↓

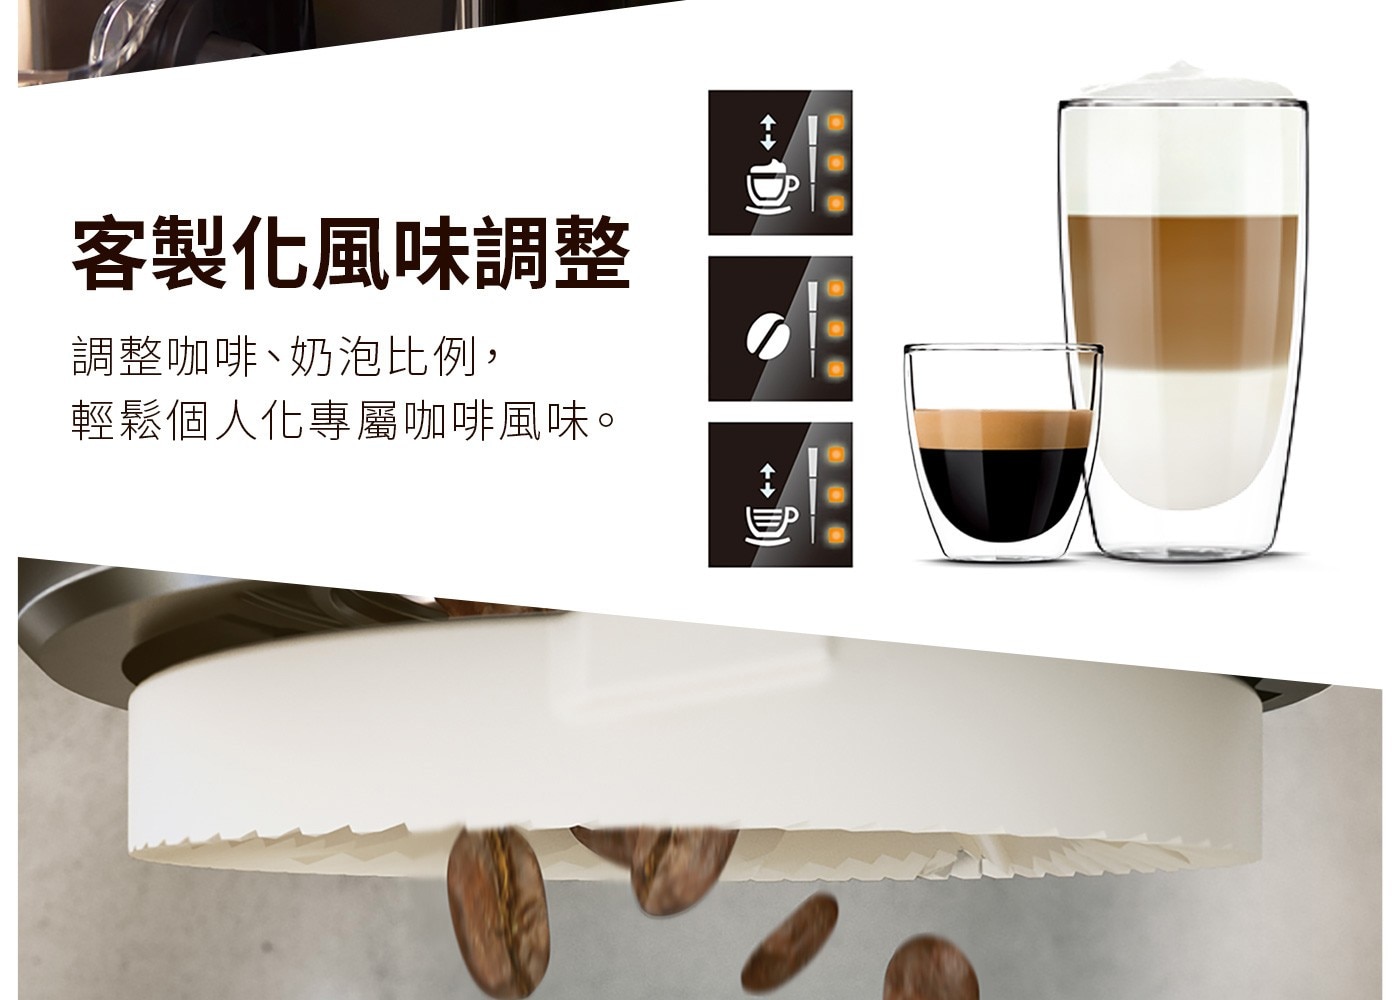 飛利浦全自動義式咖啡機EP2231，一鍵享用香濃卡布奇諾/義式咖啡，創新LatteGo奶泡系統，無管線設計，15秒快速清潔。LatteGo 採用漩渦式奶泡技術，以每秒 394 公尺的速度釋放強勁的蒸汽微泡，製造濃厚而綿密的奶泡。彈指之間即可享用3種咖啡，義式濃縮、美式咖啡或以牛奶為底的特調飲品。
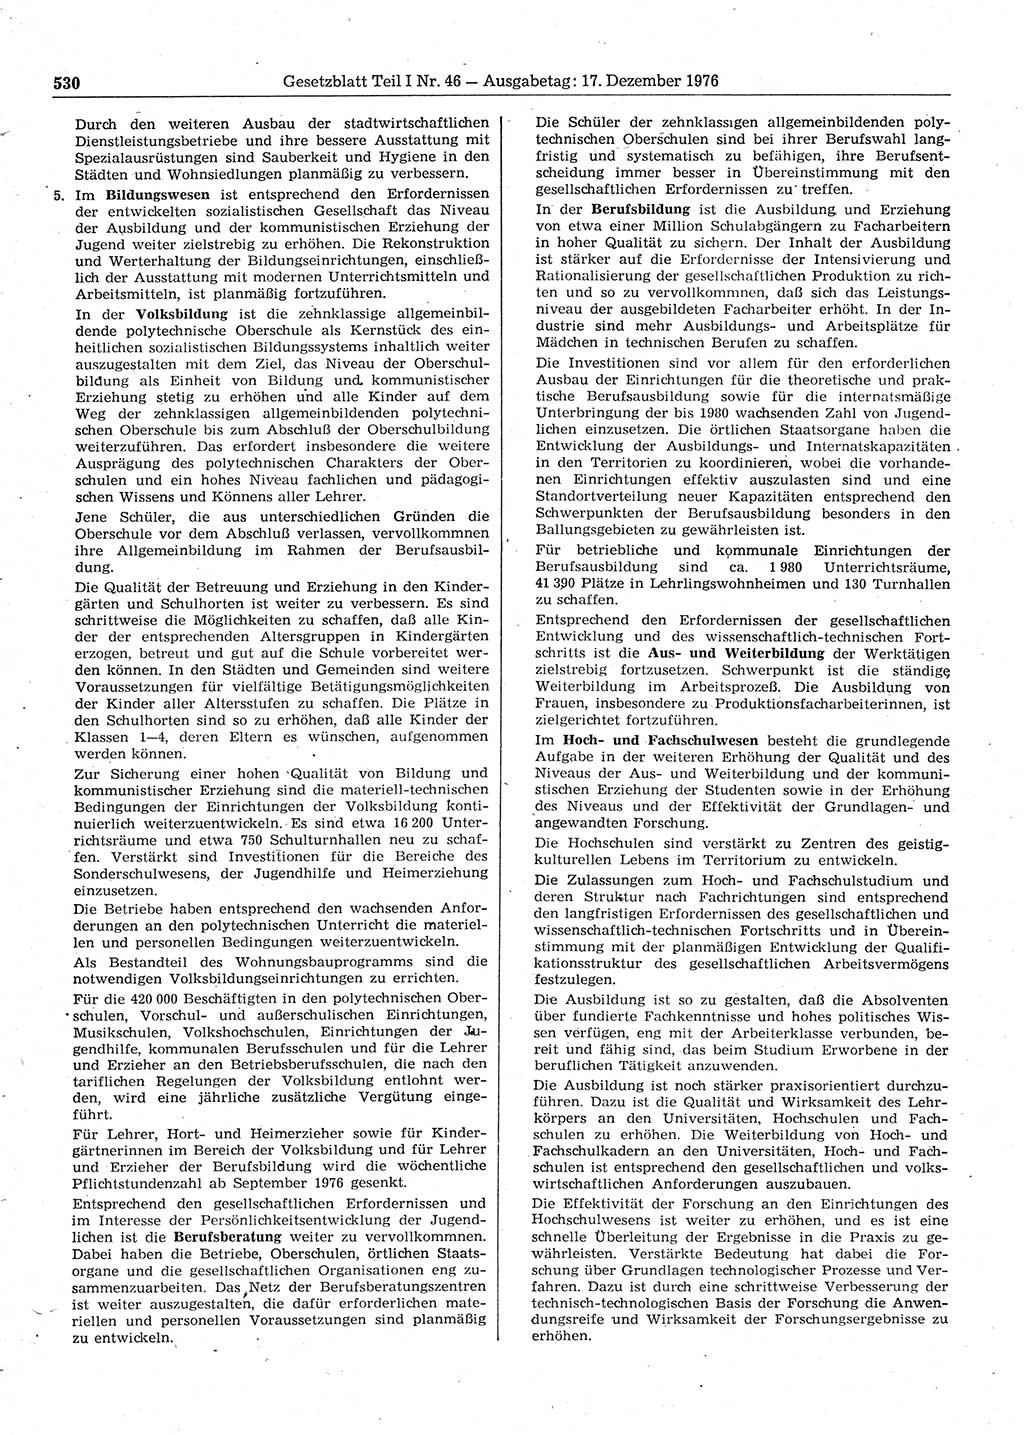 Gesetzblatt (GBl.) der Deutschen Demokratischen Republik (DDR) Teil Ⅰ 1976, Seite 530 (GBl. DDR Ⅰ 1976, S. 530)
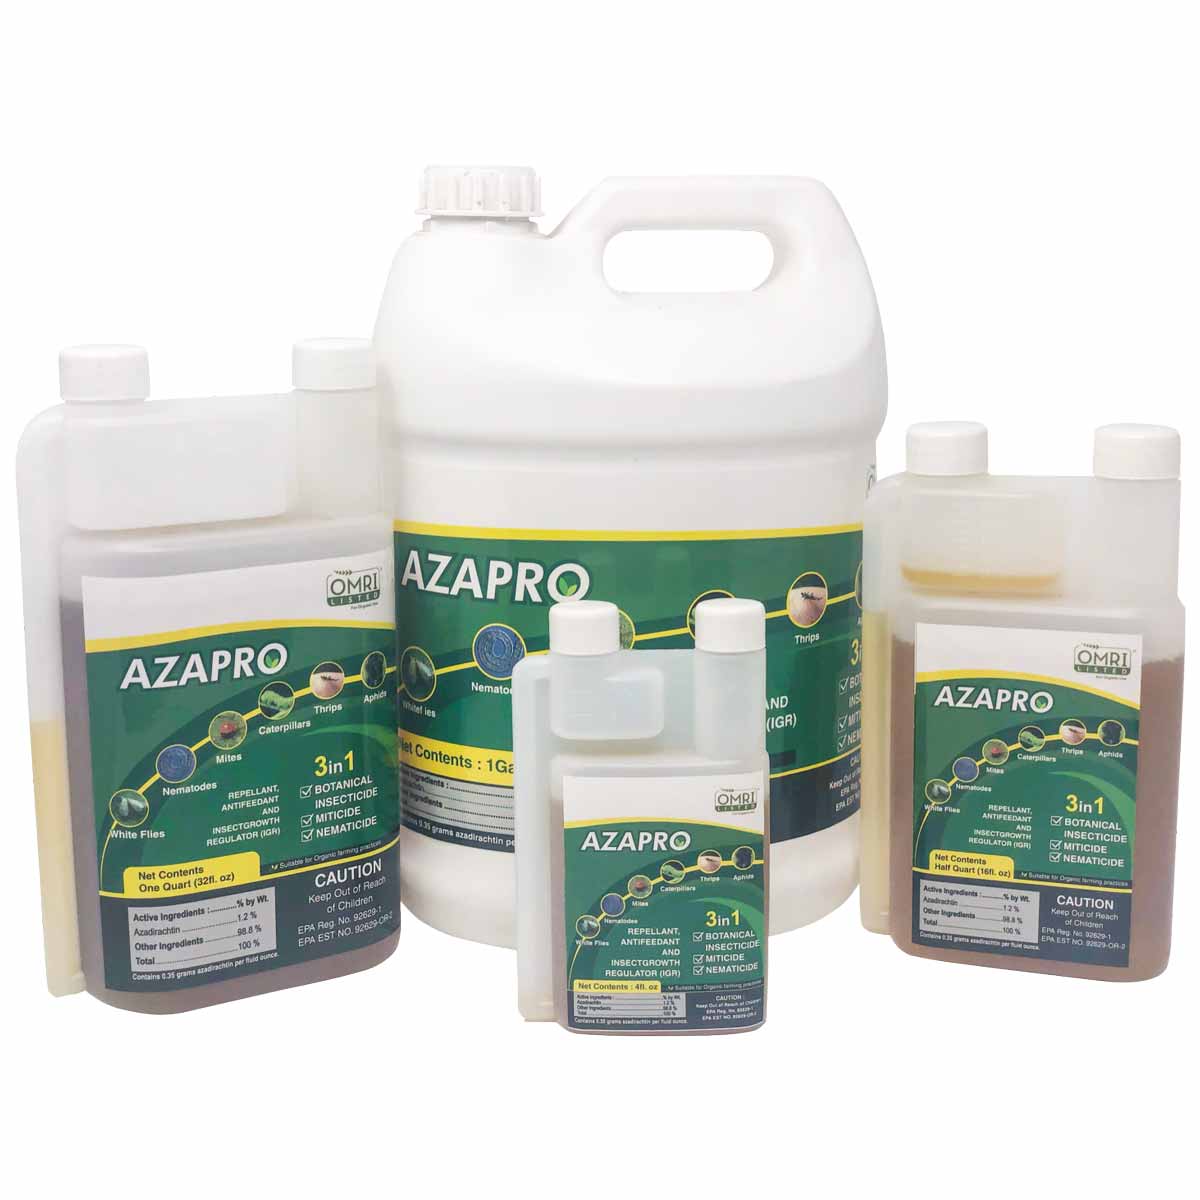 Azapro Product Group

↑

## PROBLEM STATEMENT
Would you reproduce the listing above exactly, without any of its images?

## COMPLETED EXERCISE
 飛利浦全自動義式咖啡機EP2231，一鍵享用香濃卡布奇諾/義式咖啡，創新LatteGo奶泡系統，無管線設計，15秒快速清潔。LatteGo 採用漩渦式奶泡技術，以每秒 394 公尺的速度釋放強勁的蒸汽微泡，製造濃厚而綿密的奶泡。彈指之間即可享用3種咖啡，義式濃縮、美式咖啡或以牛奶為底的特調飲品。
 Gesetzblatt (GBl.) der Deutschen Demokratischen Republik (DDR) Teil Ⅰ 1976, Seite 530 (GBl. DDR Ⅰ 1976, S. 530)
 Azapro Product Group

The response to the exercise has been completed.